Christmas coincides with the winter Solstice (Saturnalia), which honors the God of Agriculture--Saturn. This celebration existed many, many years before the 'birth of Christ.' In January they observed the Kalends of January, which represented the triumph of life over death. This whole season was called Dies Natalis Invicti Solis, the Birthday of the Unconquered Sun. The festival season is marked by much merrymaking. The tradition of Mummers was born in ancient Rome . The Mummers were groups of costumed singers and dancers who would travel from house to house entertaining their neighbors. From this, the Christmas tradition of caroling was born.

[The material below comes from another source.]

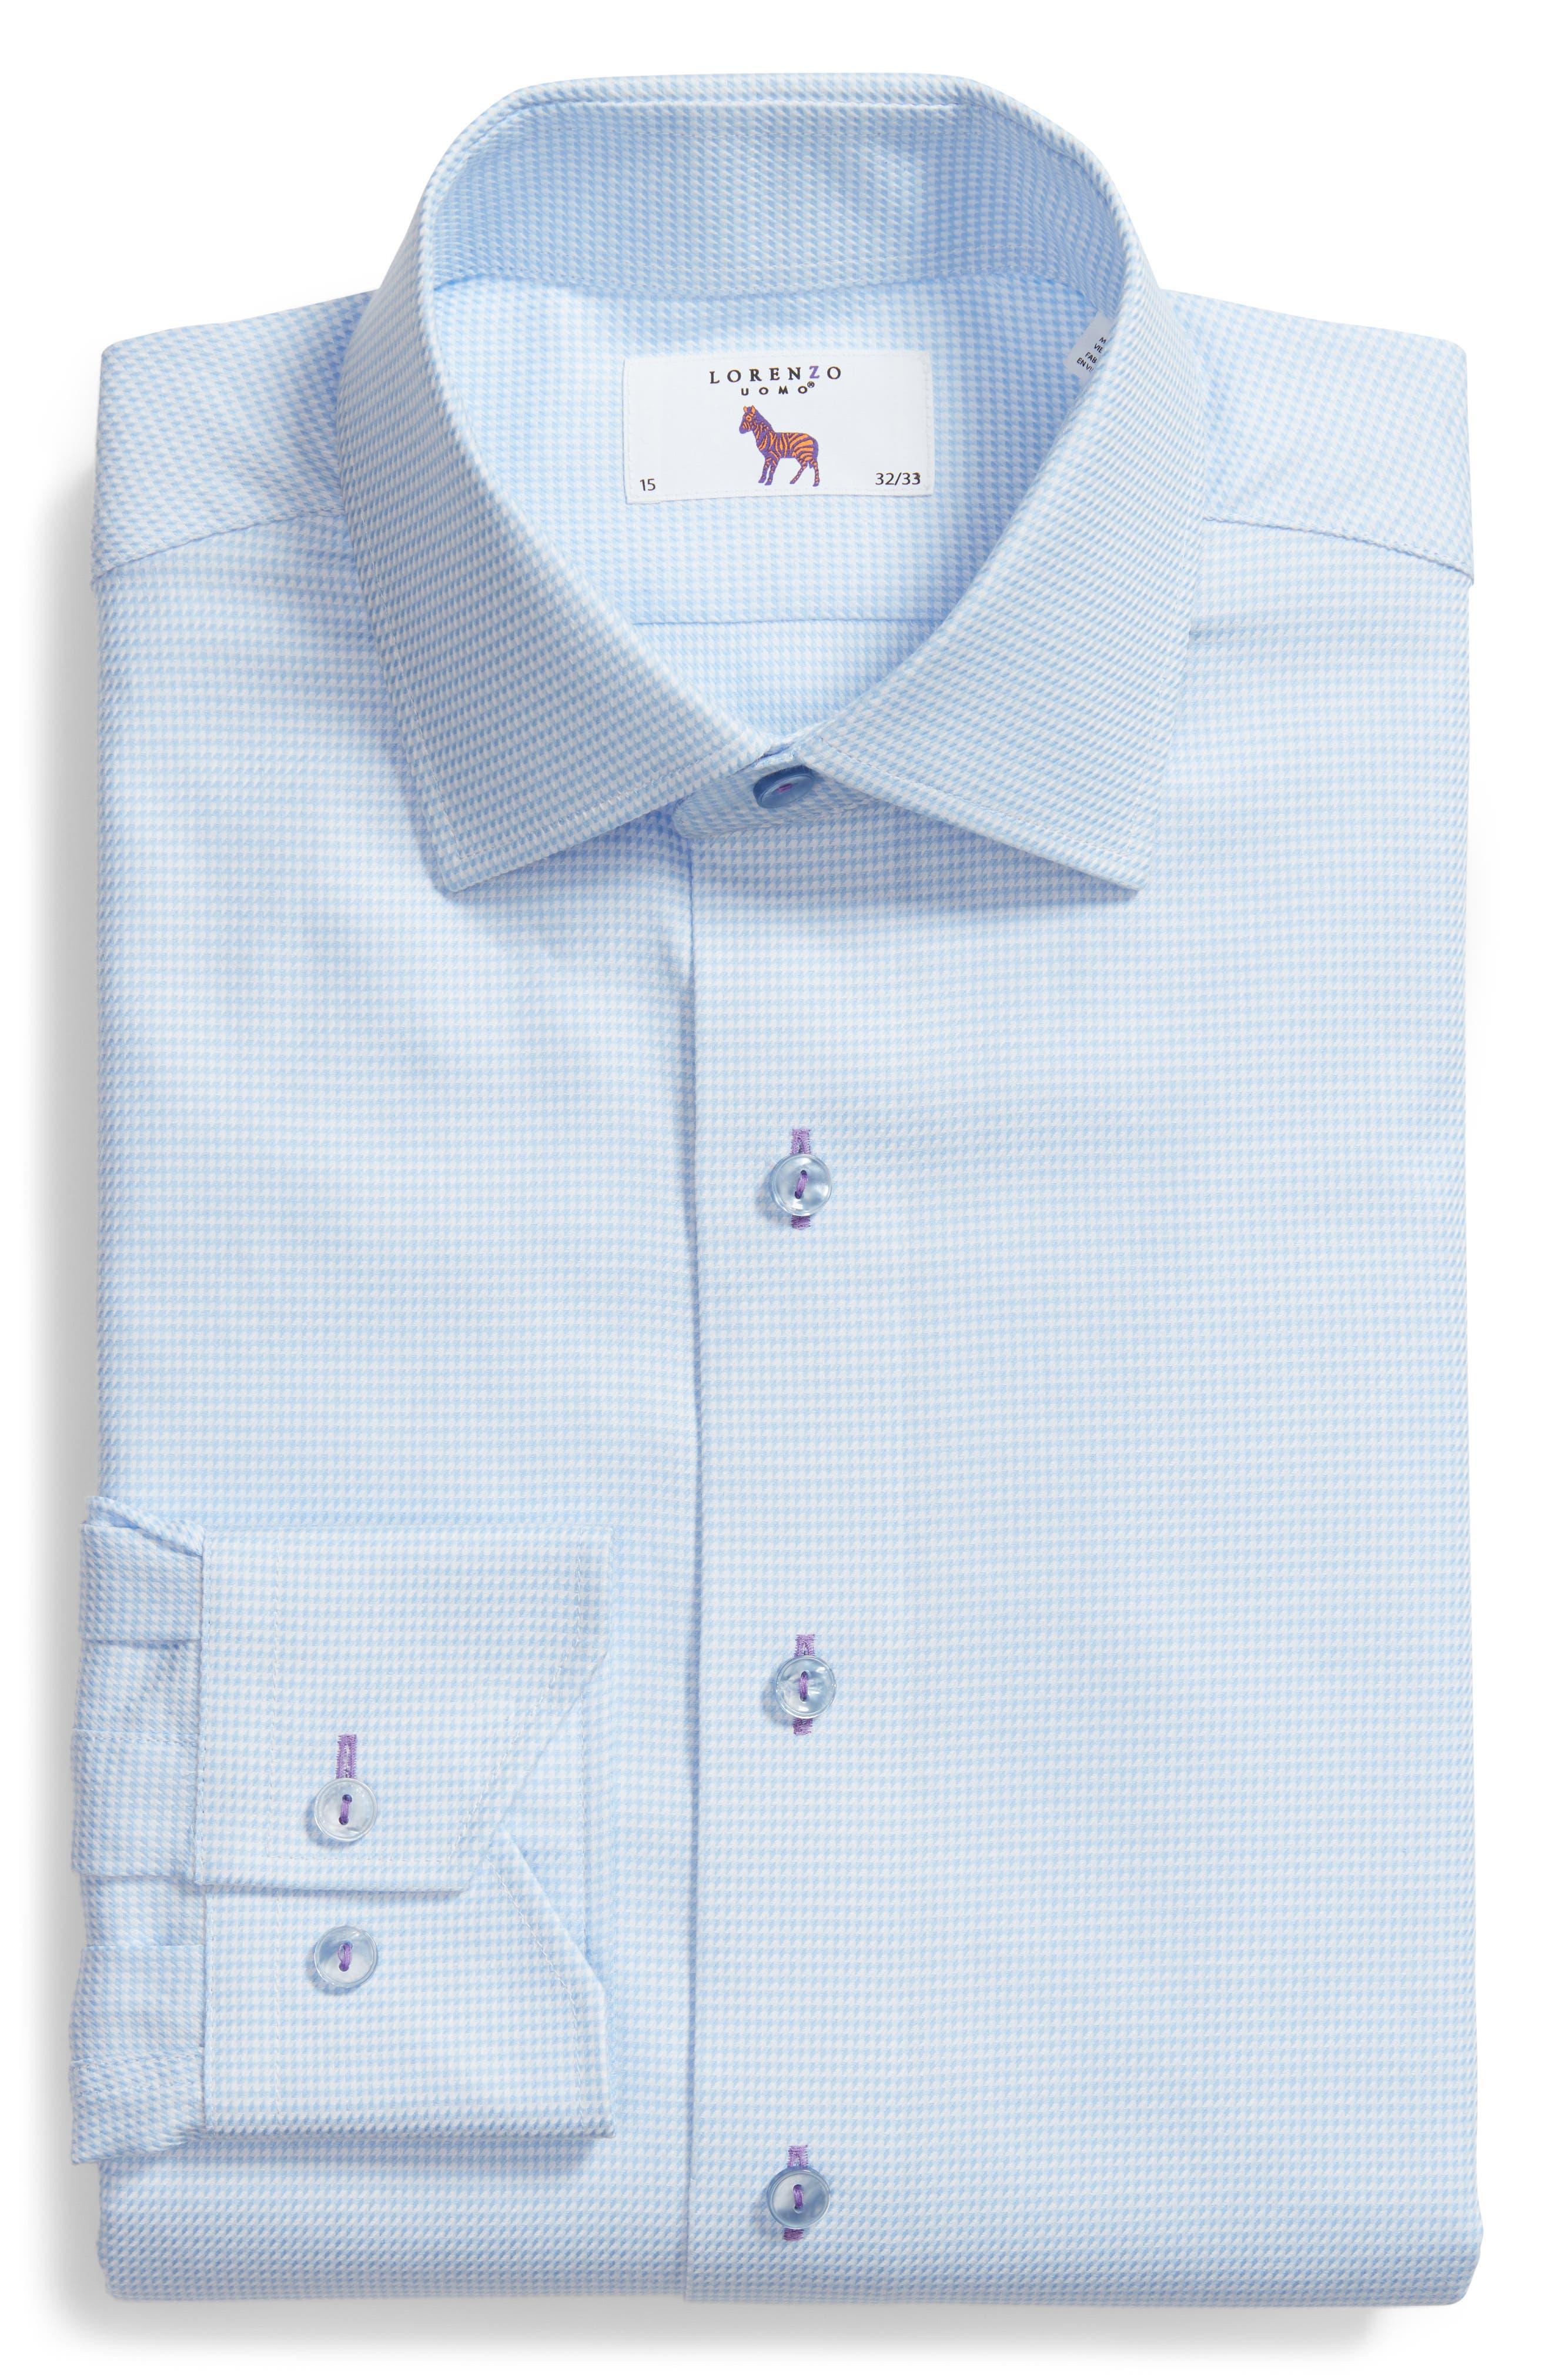 Trim Fit Houndstooth Dress Shirt,                             Alternate thumbnail 6, color,                             Light Blue
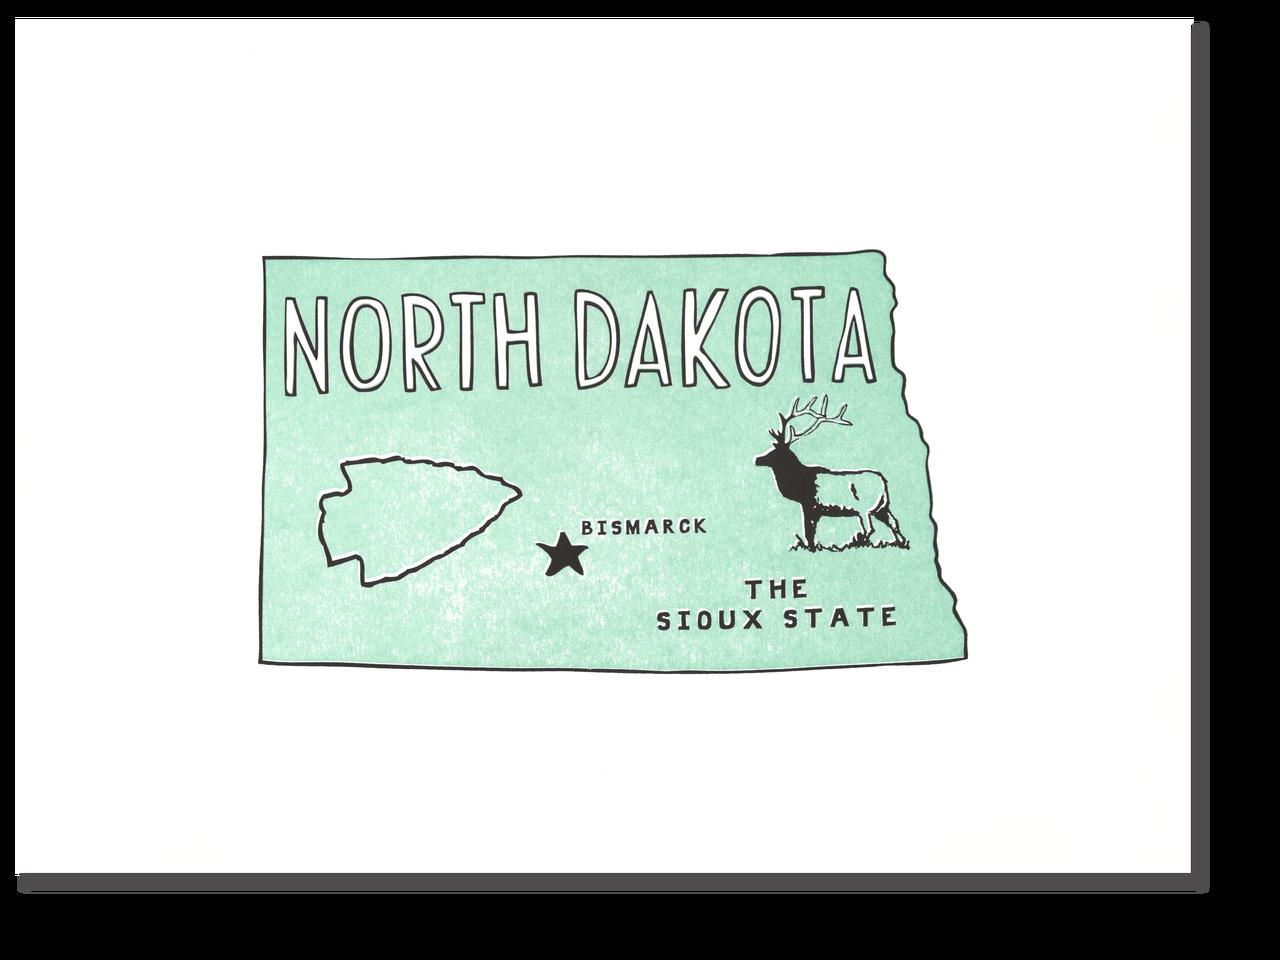 North Dakota State Print: The Sioux State

In northern Europe , many of the traditions that are considered part of the Christian worship were begun long before the participants had ever heard of Christ. The Pagans of northern Europe celebrated their own winter solstice, known as Yule. Yule was symbolic of the Pagan Sun God, Mithras, being born, and was observed on the shortest day of the year. As the God grew and matured, the days became longer and warmer. It was customary to light a candle to encourage Mithras, and the sun, to reappear next year.
Huge Yule logs were burned in honor of the sun. The word Yule means 'wheel,' the wheel being a Pagan symbol for the sun. Mistletoe began as a fertility ritual. Holly berries were thought to be a food of the gods.
The tree is the one symbol that unites almost all of the northern European winter solstices. It was customary for live evergreen trees to be brought into the homes as a reminder to inhabitants that soon their crops would grow again. Evergreen boughs were often carried as totems of good luck and were often present at weddings, representing fertility. The Druids used the tree as a religious symbol, holding their sacred ceremonies while surrounding and worshipping huge trees.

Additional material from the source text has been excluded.